Fundamental spark gap confusion

From: 	Gary Lau  07-Aug-1997 1202[SMTP:lau-at-hdecad.ENET.dec-dot-com]
Sent: 	Thursday, August 07, 1997 11:09 AM
To: 	tesla-at-pupman-dot-com
Cc: 	lau-at-hdecad.ENET.dec-dot-com
Subject: 	Fundamental spark gap confusion

I have a rather fundamental question concerning when spark gaps fire.  Here is
my present understanding on how a static gap operates:

The cap is selected to be resonant with the HV xfmr secondary at the mains
frequency, lets say 60 Hz.  The voltage across the cap is then 90 degrees out of
phase with the xfmr primary and peak cap voltage occurs as the primary voltage
crosses zero.  The spark gap is adjusted so that it fires at a voltage
slightly less than the peak capacitor voltage.  Thus, the gap fires every half
cycle, 120 times per second.

On my 15KV neon xfmr, if I hold the two output leads near one another, a spark
will form when the seperation is _roughly_ .75 inch.  The doc's for the RQ
static gap suggest using 12 gaps of .028-.030" for 15KV, a total of .336-.360".
Others on the list have advocated using as little as 0.150".  I'm having trouble
resolving this apparent discrepancy.

It would seem to me that setting the gap to less than the free-air sparking
distance will result in dumping the cap's charge well before it attains it's
maximum potential value, though it would be firing at a rate correspondingly
faster.  But then, what's the point of sizing the cap to resonate at 60 Hz?
I thought at least part of the reason was so that following a firing, the cap
does not try to continue charging in the direction of the current, remaining
half-cycle, only to not reach Vgap and then have to DIScharge prior to charging
in the opposite direction to Vgap in the next half-cycle.

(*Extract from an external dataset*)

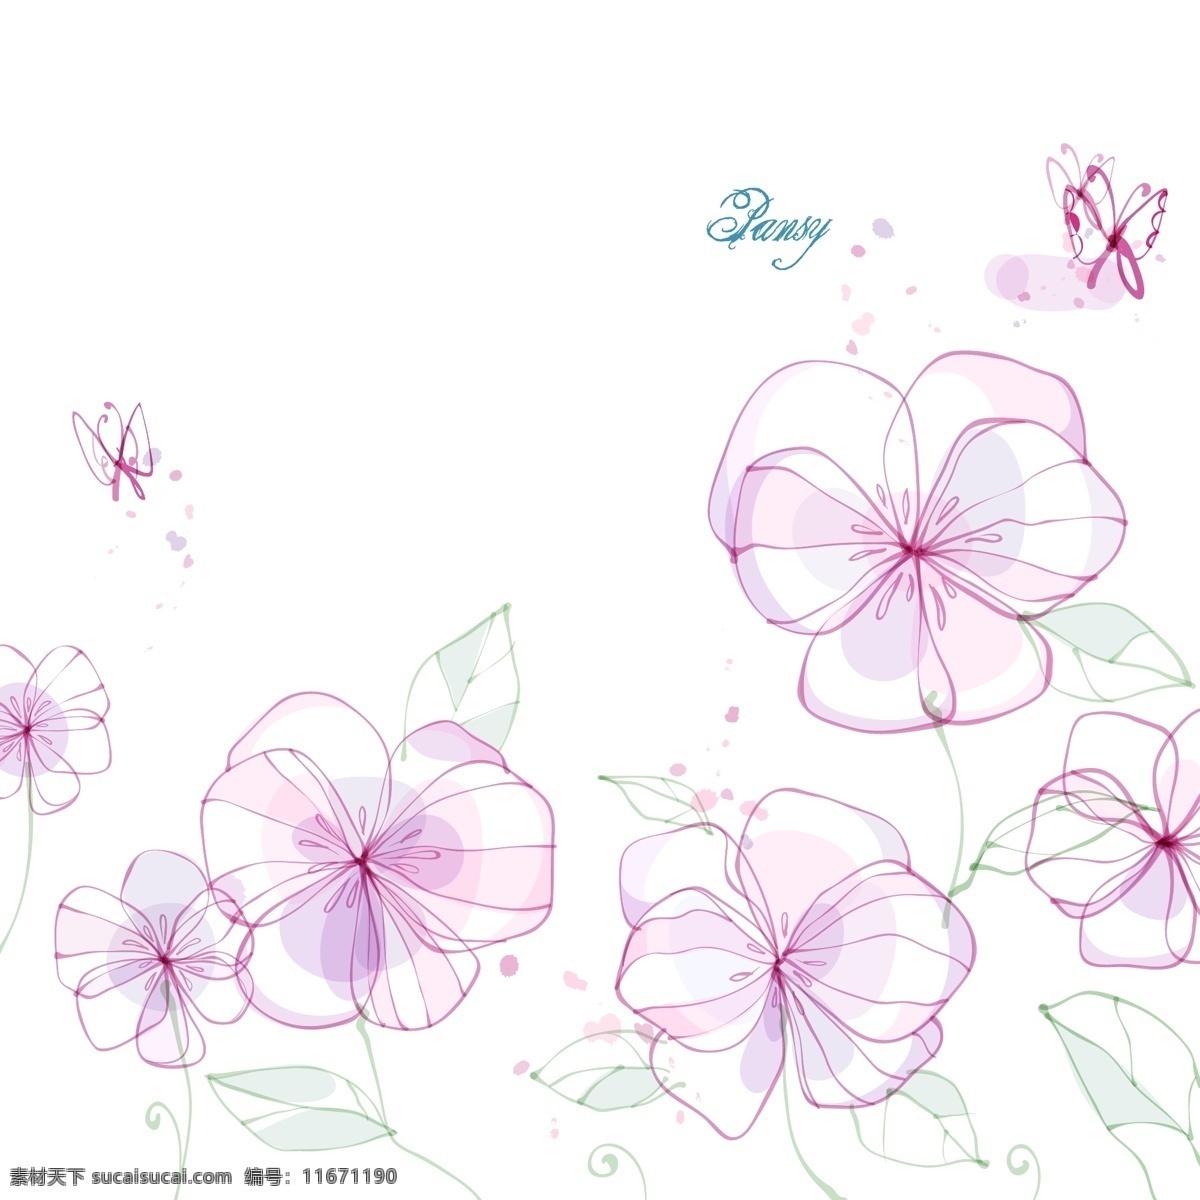 向日葵 矢量图 花朵 花卉 蒲公英 手绘 素描 唯美 紫丁香 tua 三色堇 花纹花边
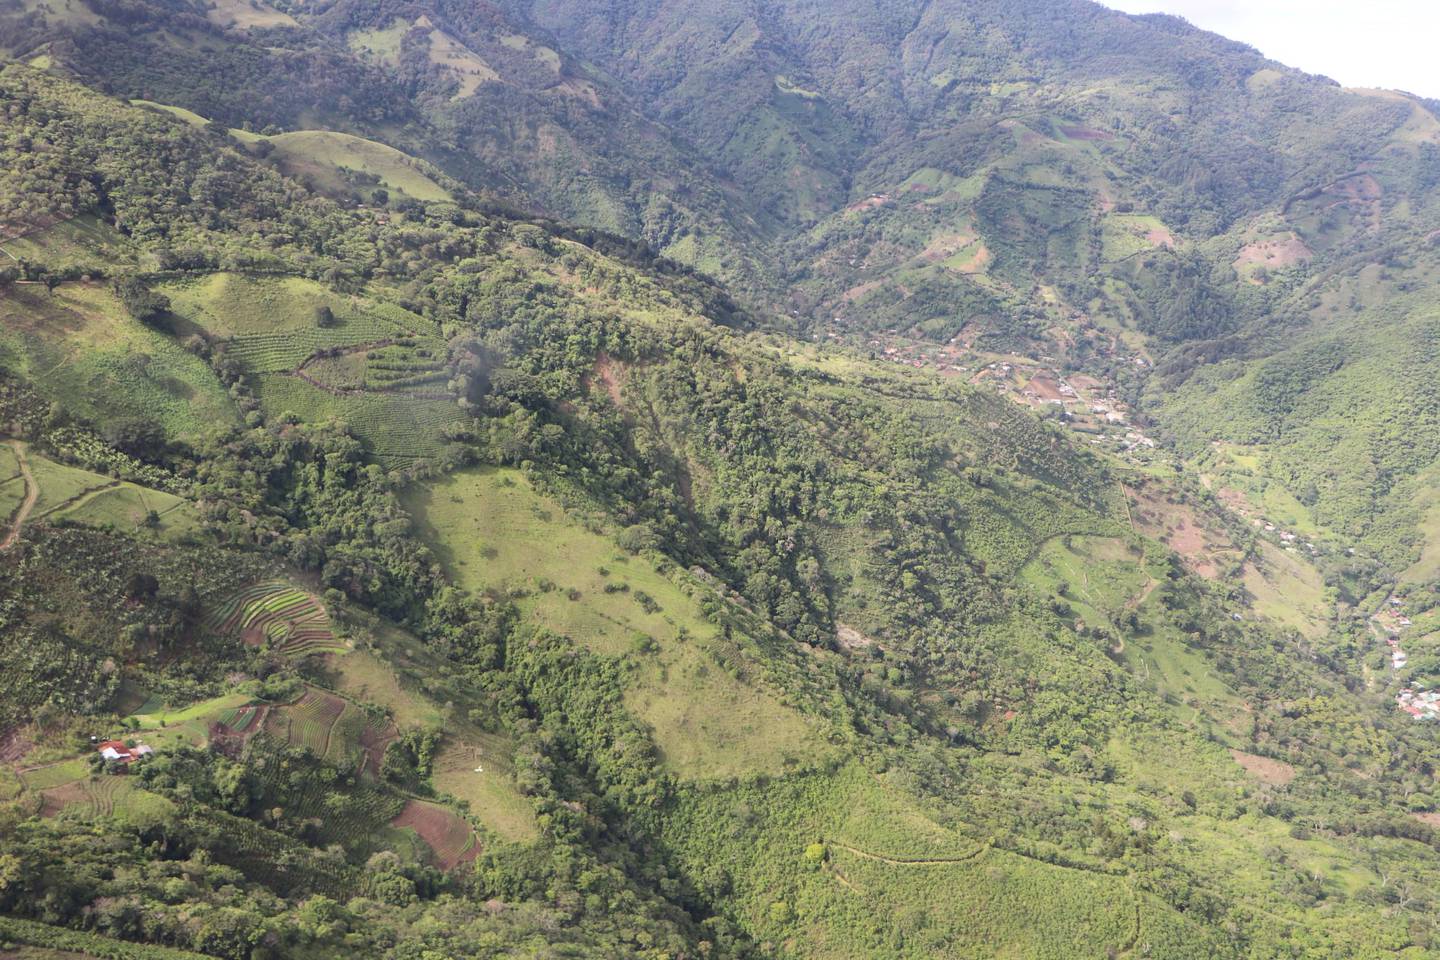 Un sobrevuelo por lo alto del cerro Tapezco, en Santa Ana, el mes pasado, permitió a la CNE descartar por ahora riesgos para los poblados al pie de la montaña. Foto: Cortesía CNE.

Right now, my coil has a 15KV/30ma neon and a 6 x .030" static gap.  The gap
starts firing when the variac is at maybe 15% (rough est), so it's firing at
a much smaller voltage than 15KV.

I've seen numerous cautions about opening the gaps up too much, in doing so
risking blowing one's xfmr and/or caps.  Is this simply to limit the peak
charging voltage on the cap to something less than the peak xfmr voltage?
If so, then it probably doesn't make any difference what voltage one's xfmr
is in terms of whether the cap dielectric will survive, since the peak cap
voltage is now a function of gaps (plus resonant rise), not secondary rating.

I don't doubt that my logic is flawed, could somebody tell me where?